With lush neo-concrete poems positioned beside ghostly free-verse texts, Andrew Brenza's Colorways offers multi-vectored and overexposed surfaces that complicate the notion of the person in the world.
Selected for the innovative Anhinga Press Visual Poetry Series, Brenza's Colorways is a serial poem of alternating visual and verbal pieces that confronts the problem of emotive expression in an age where everything worth saying may have already been said. Thus, Colorways poses an implied argument with the stultifying world that surrounds it, and offers readers a space to explore meaning freely, a space to be free, to participate with this artist-poet in multiplicities of interpretation and a shattering of the conventions of reading.
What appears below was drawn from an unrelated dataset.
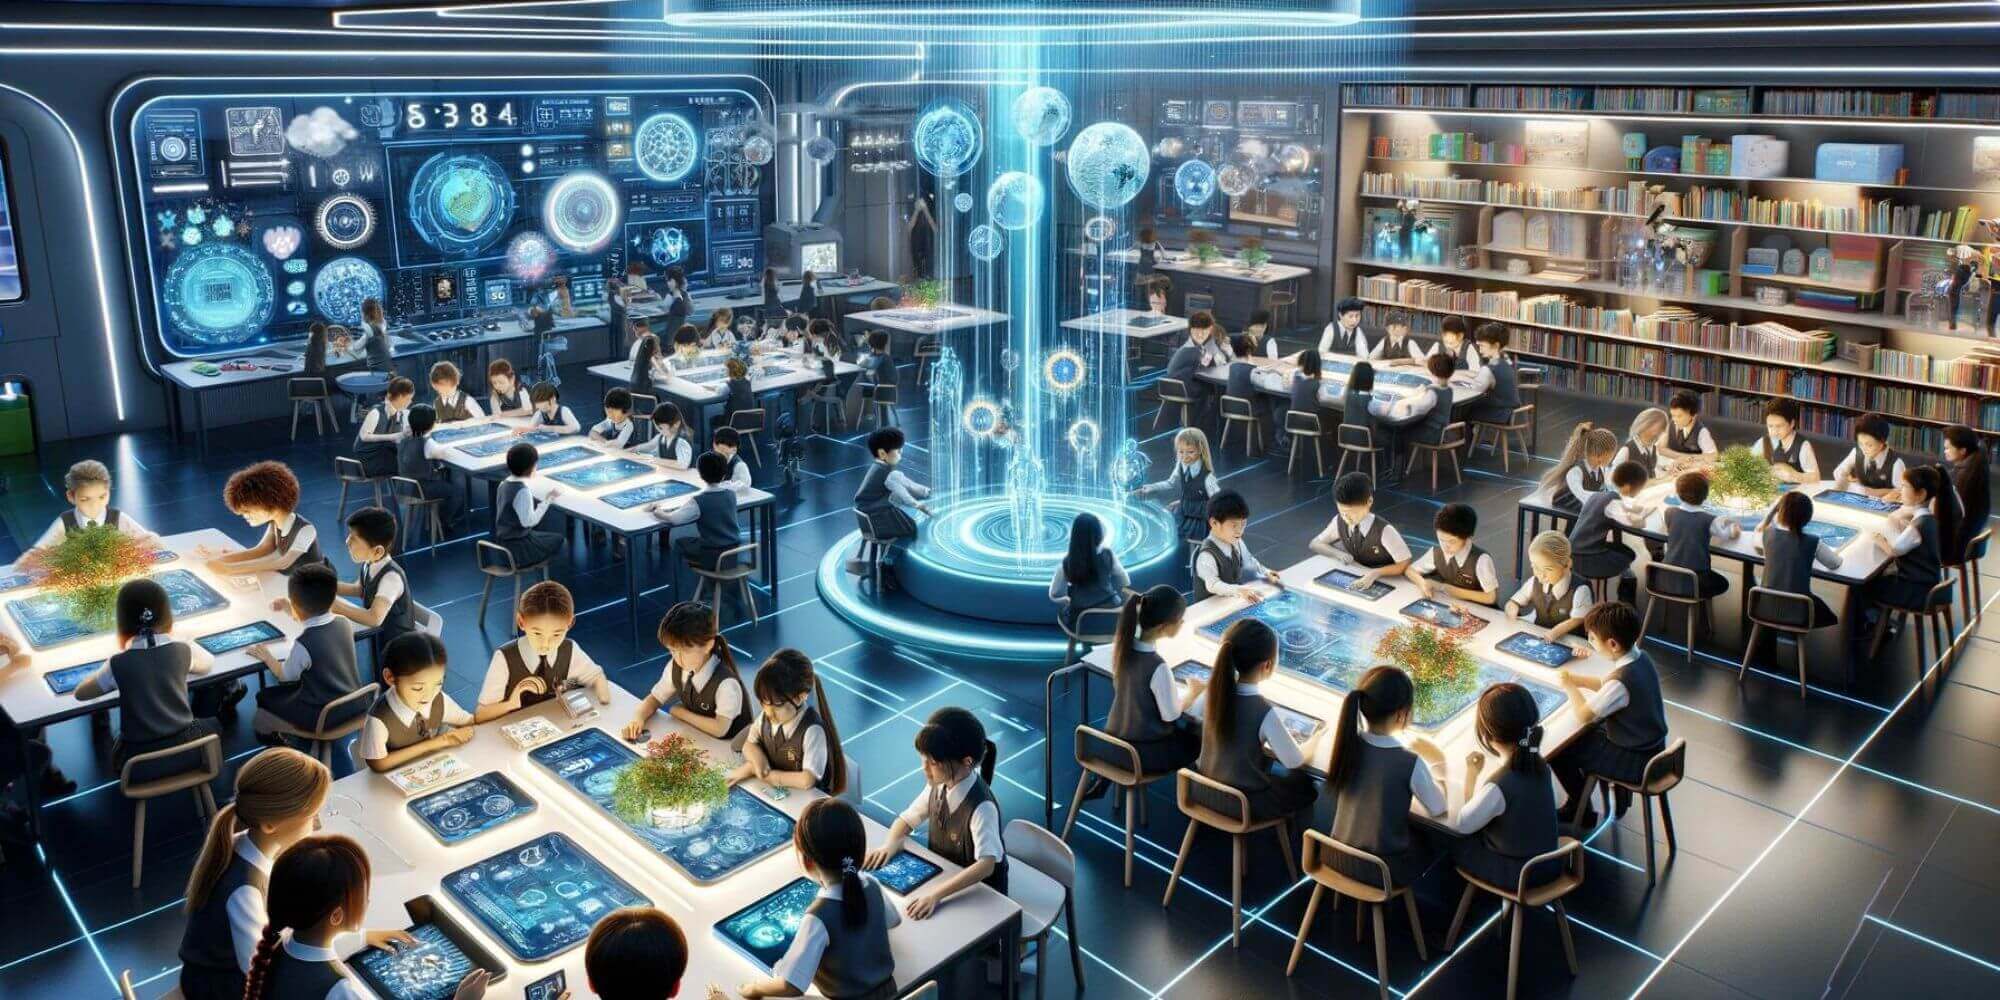 Future-proof career skills for students in school depicted in a modern collaborative workspace that appears like science fiction but is close to current reality.

Andrew Brenza is the author of numerous books of experimental writing, including the hybrid novel WRYTHM (Montag, 2022) and the visual poetry collection Smear (BlazeVOX, 2021). His latest collection, pod, a book of channeled visual poems was recently released by Ghosttruth, an imprint of Montag Press. Andrew also is the founder and editor of Sigilist Press, a micropress devoted to the publication of visual poetry.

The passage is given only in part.